There are some others, both global and domestic. On the domestic front, we could see a sharper correction in the residential sector than we currently have. We think that it's considerable, but given some of the recent changes on the mortgage underwriting guidelines and maybe a larger impact of the expected increase in interest rates, that could have a more negative impact on the housing side.

Our export outlook is also, I don't want to say, very optimistic, but we do see bigger pickup in terms of growth in export volumes, at least relative to the Bank of Canada's outlook. Maybe on the downside, if we do see another persistence in competitiveness issues for Canadian exporters, we might not see that rebound.
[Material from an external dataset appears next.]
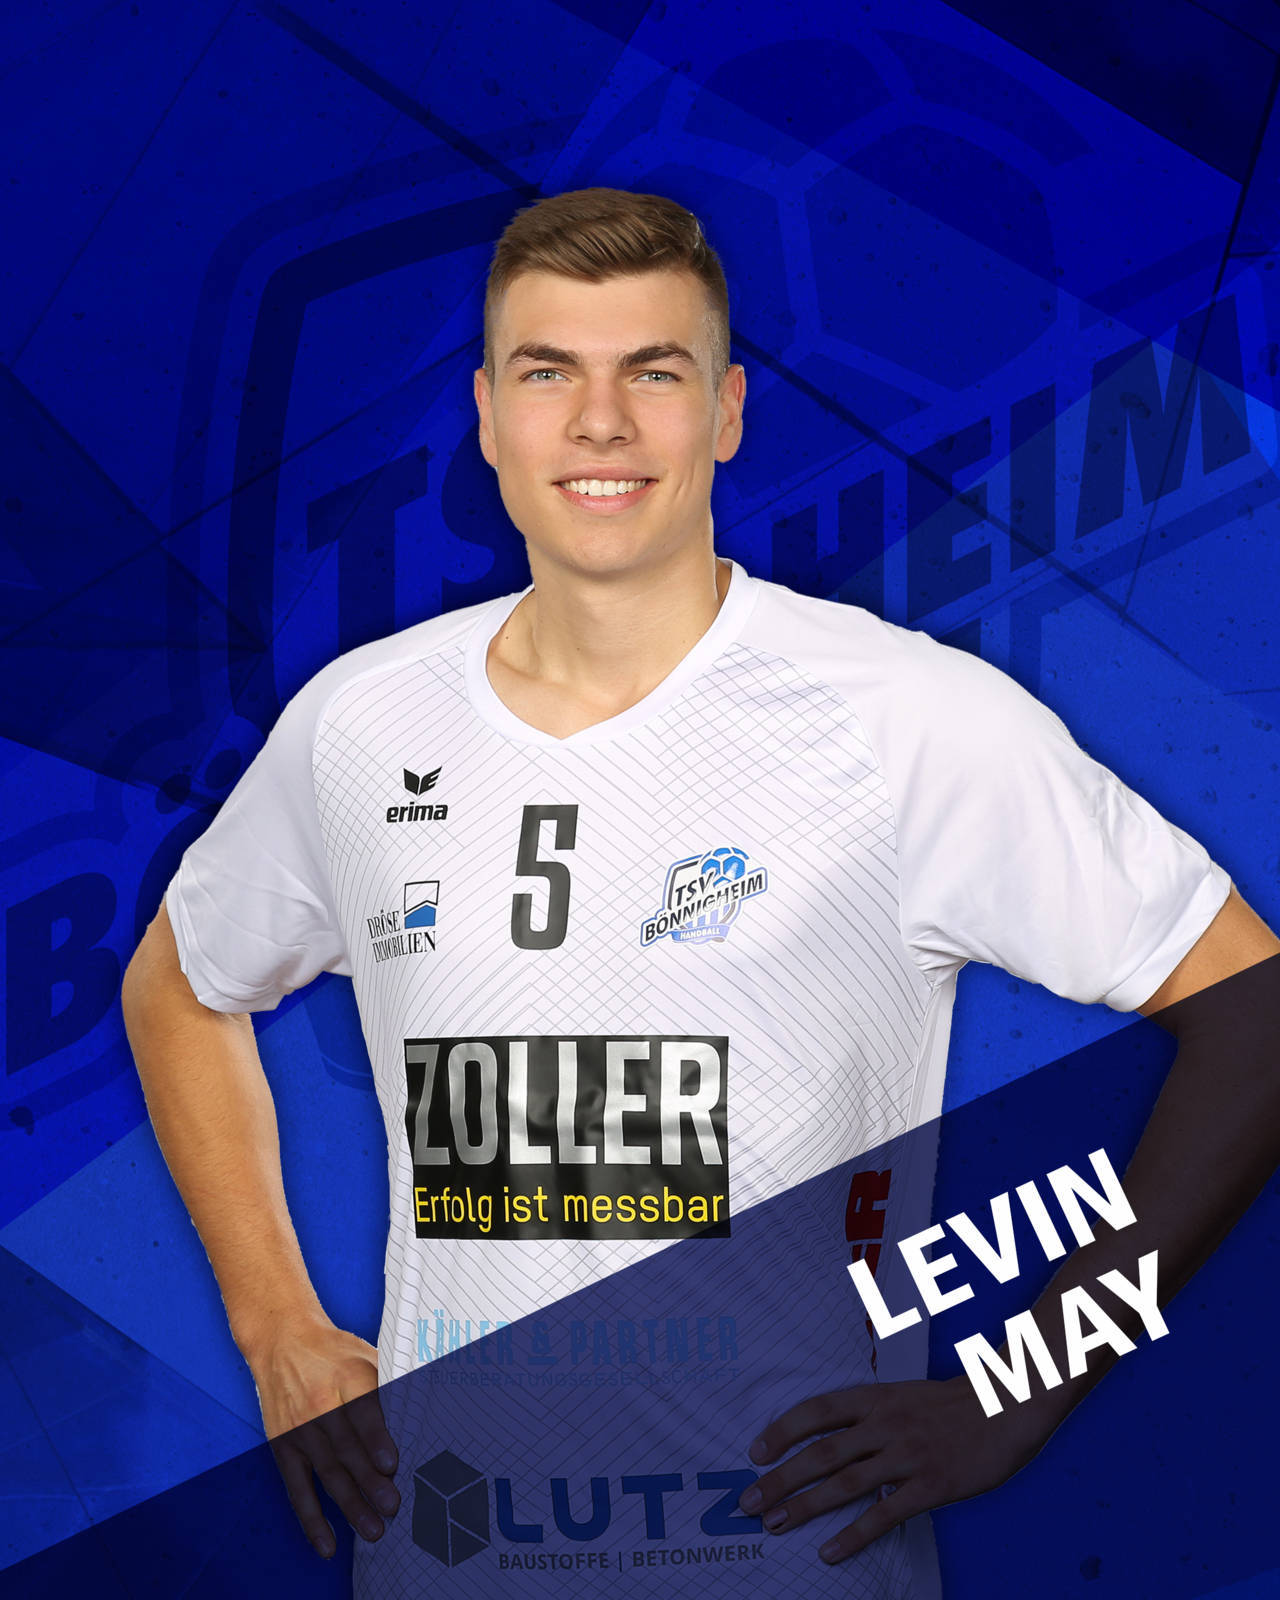 may, levin

Those are probably the top two and bottom two.

5:20 p.m.

Liberal

Francesco Sorbara Liberal Vaughan—Woodbridge, ON

Thank you for that commentary.

Regarding Canada's fiscal position or capacity, when we talk about the deficit, what percentage of GDP is that at currently?

5:20 p.m.

Senior Director, Economic and Fiscal Analysis, Office of the Parliamentary Budget Officer

Chris Matier

In the current fiscal year...?

5:20 p.m.

Liberal

Francesco Sorbara Liberal Vaughan—Woodbridge, ON

Yes.

5:20 p.m.

Senior Director, Economic and Fiscal Analysis, Office of the Parliamentary Budget Officer

Chris Matier

It's 0.9% of GDP.

5:20 p.m.

Liberal

Francesco Sorbara Liberal Vaughan—Woodbridge, ON

It's 0.9%.

5:20 p.m.

Senior Director, Economic and Fiscal Analysis, Office of the Parliamentary Budget Officer

Chris Matier

It's less than 1%, yes.

5:25 p.m.

Liberal

Francesco Sorbara Liberal Vaughan—Woodbridge, ON

As a percentage of GDP on an annual basis, the trajectory is continuing to decline. That's is how I would take that.

5:25 p.m.

Senior Director, Economic and Fiscal Analysis, Office of the Parliamentary Budget Officer

Chris Matier

We're projecting it to decline to 0.4% of GDP by 2022-23.

5:25 p.m.

Liberal

Francesco Sorbara Liberal Vaughan—Woodbridge, ON

What is the U.S.'s position? What does the U.S. use as a deficit as a percentage of their GDP?

5:25 p.m.

Senior Director, Economic and Fiscal Analysis, Office of the Parliamentary Budget Officer

Chris Matier

Off the top of my head, I believe it's roughly around 3% or 3.5% of GDP currently.

5:25 p.m.

Liberal

Francesco Sorbara Liberal Vaughan—Woodbridge, ON

Okay. Thank you.

When we look at fiscal anchors, it's great to see that we have the debt-to-GDP number declining in this current projection and potentially hitting below 30%. Is that correct?